Photosynthesis is sensitive to environmental changes and can determine the abiotic tolerance level of a plant as well as biomass buildup, both of which are essential for crop forage yield (Yadav et al. 2020). Chlorophyll fluorescence has been demonstrated to be one of the most sensitive physiological measures when subjected to salt stress, making it a reliable phenotypic marker (Papageorgiou and Govindjee 2004). As a result, we investigated the FV/FM from chlorophyll a fluorescence curve of Dracma variety that overexpresses ZmSWEET7. The findings demonstrated that different treatments resulted in significantly different behavior. Following the initial F0, all treatments saw an O-J rise suggesting that salinity modifications had no effect on this phase. This phase represents the photochemical step of Chl fluorescence induction. Thus, higher F0 values in the mutant relative to the wild type showed a larger physical separation of the PSII reaction center from their corresponding pigment antennae, which has been shown to contribute to better salt tolerance by restricting energy input into the electron transport chain (Srivastava et al. 1997). The J-I-P phase of the fluorescence induction curve rising time was set at 0.0001–0.001 s to produce the highest FM. Notably, the wild-type J-I-P increase was substantially delayed, demonstrating that this phase relates to plastoquinone accumulation, whereas it increased in the mutant. The large increase in I translates to slower electron transit to the PSI acceptors. In mutants, there is also a higher plateau, indicating a bigger number of PSI end acceptors, which are typically linked with alternative electron transfer routes that function as electron sinks.
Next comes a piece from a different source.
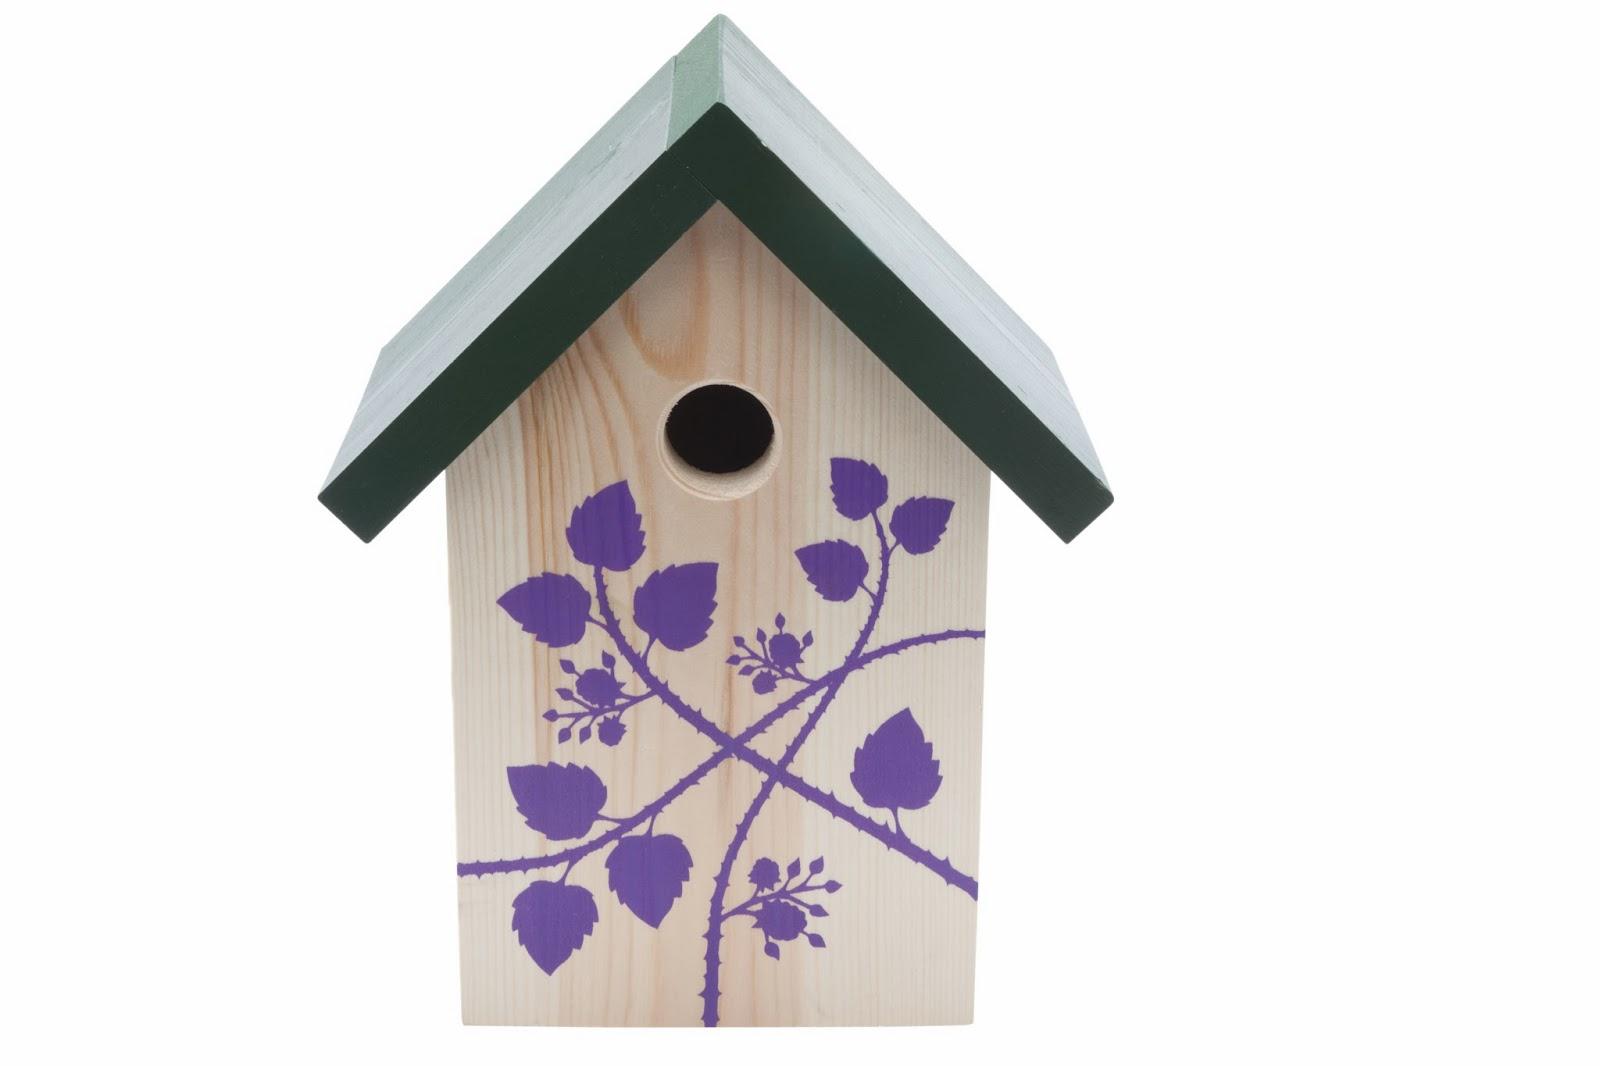 Bramble Nesting Box For Birds
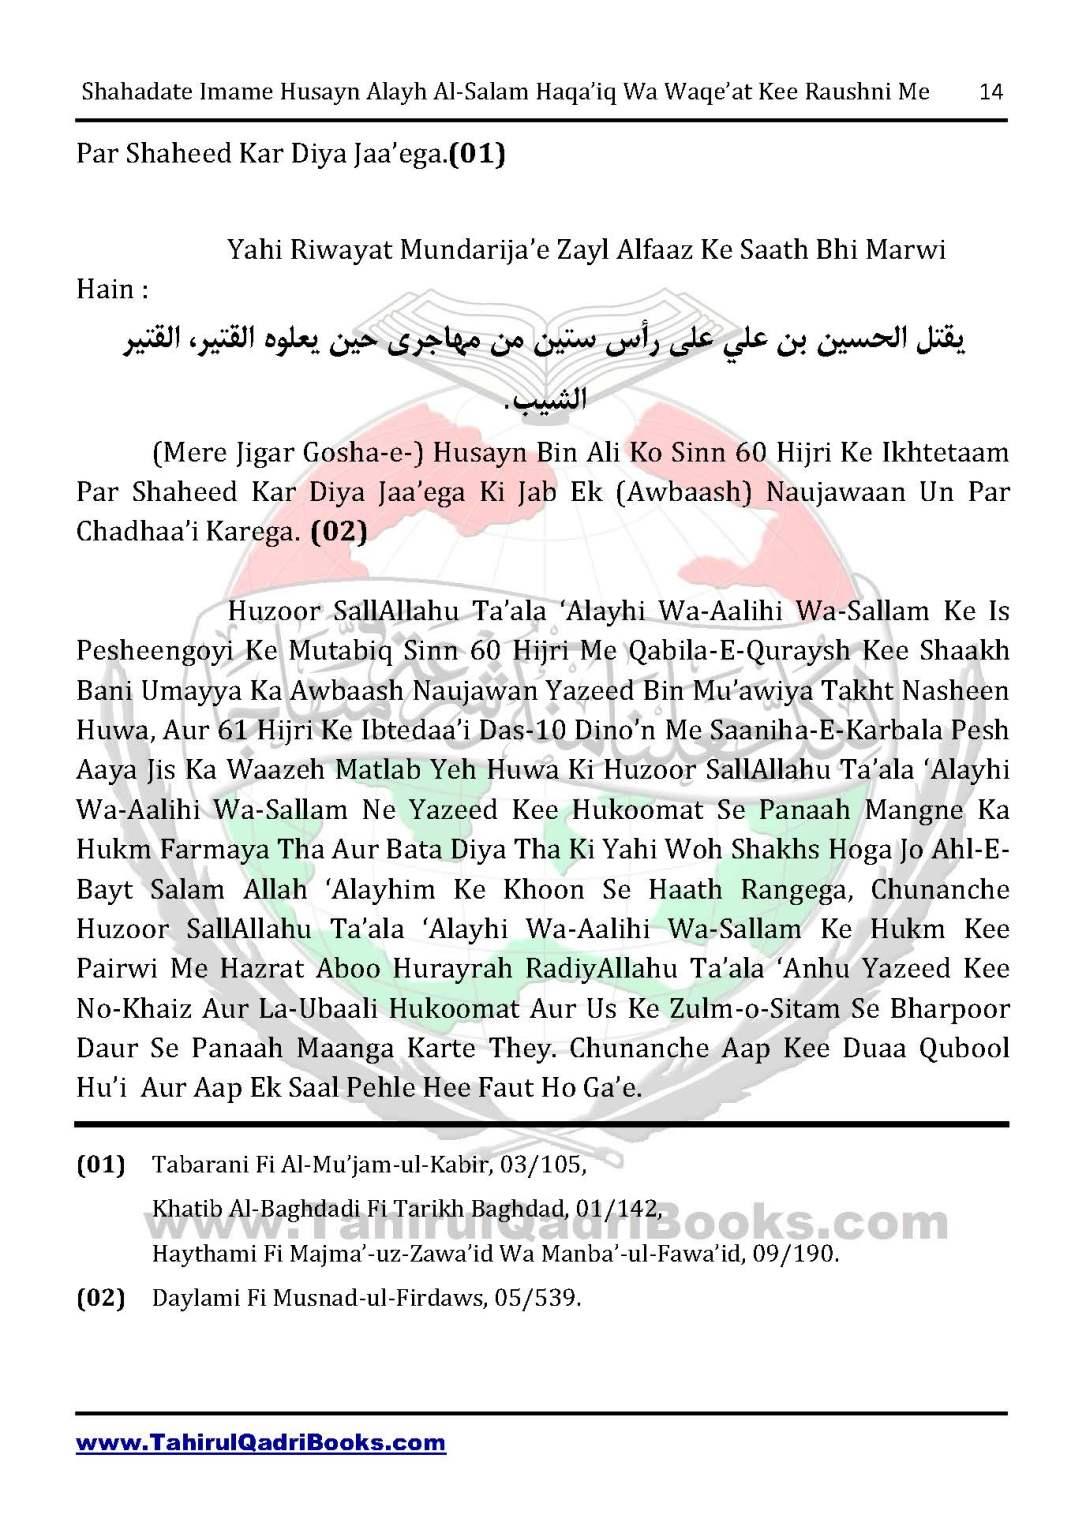 shahadate-imame-husayn-alayh-is-salam-haqaiq-wa-waqe_at-kee-raushni-me-in-roman-urdu-unlocked_Page_14

In-planta CO2 dynamics define the pathway for carbon accumulation which in turn determines plant growth and production (McCarthy et al. 2010). An assimilation rate curve plotted versus intercellular CO2 concentration can reveal numerous insights into the biochemistry of a leaf or plant. For instance, a ZmSWEET7-mediated increase in stomatal conductance, which regulates gas exchange (CO2 and water), can allow maize to increase their CO2 uptake and subsequently enhance photosynthesis, while its negative correlation with Ci and A could be a strategy of increased CO2 and water use efficiency under saline conditions as evidenced by higher intracellular CO2 and assimilation rate and lower transpiration rate, respectively. The photosynthetic quantum yield efficiency is a crucial but seldom measured biophysical quantity which estimates both net carbon intake and net oxygen evolution concurrently (Du et al. 2018). The high correlation between phiCO2 and dry matter accumulation and sugar in mutants indicates that SWEET mediates carbon accumulation via increased efficiency of CO2 fixation per unit of supplied CO2. There have not been many maize studies that explicitly relate PSII with phiCO2. The positive association between phiCO2 and PSII, on the other hand, supports Edwards et al.’s (1993) claim that, across a wide variety of environmental conditions, fluorescence characteristics may be employed to predict accurately and rapidly CO2 assimilation rates in maize.

In conclusion, through a genome-wide analysis, we discovered 19 SWEET genes in maize and analyzed their chemical structure, chromosomal distribution, phylogeny, and promoter regions. To validate the work, we conducted a molecular stress physiology experiment which indicated that the 19 genes are expressed differentially in various phenotypes of agronomic interest, while 11 are salt inducible. Among the salt-inducible genes, ZmSWEET7 is the most upregulated in the high-sugar variety and its homologous overexpression in low-sugar variety enhanced the phiCO2 which is positively associated with DW and soluble sugar accumulation and FV/FM under saline conditions. Although dry matter and total sugar are quantitative traits controlled by multiple genes, this study provides insights into the potential role of ZmSWEET7 in these important carbon dynamics under saline conditions especially via phiCO2. To understand the specific transcriptional role of this gene, complete knock-out studies using genome editing will be needed.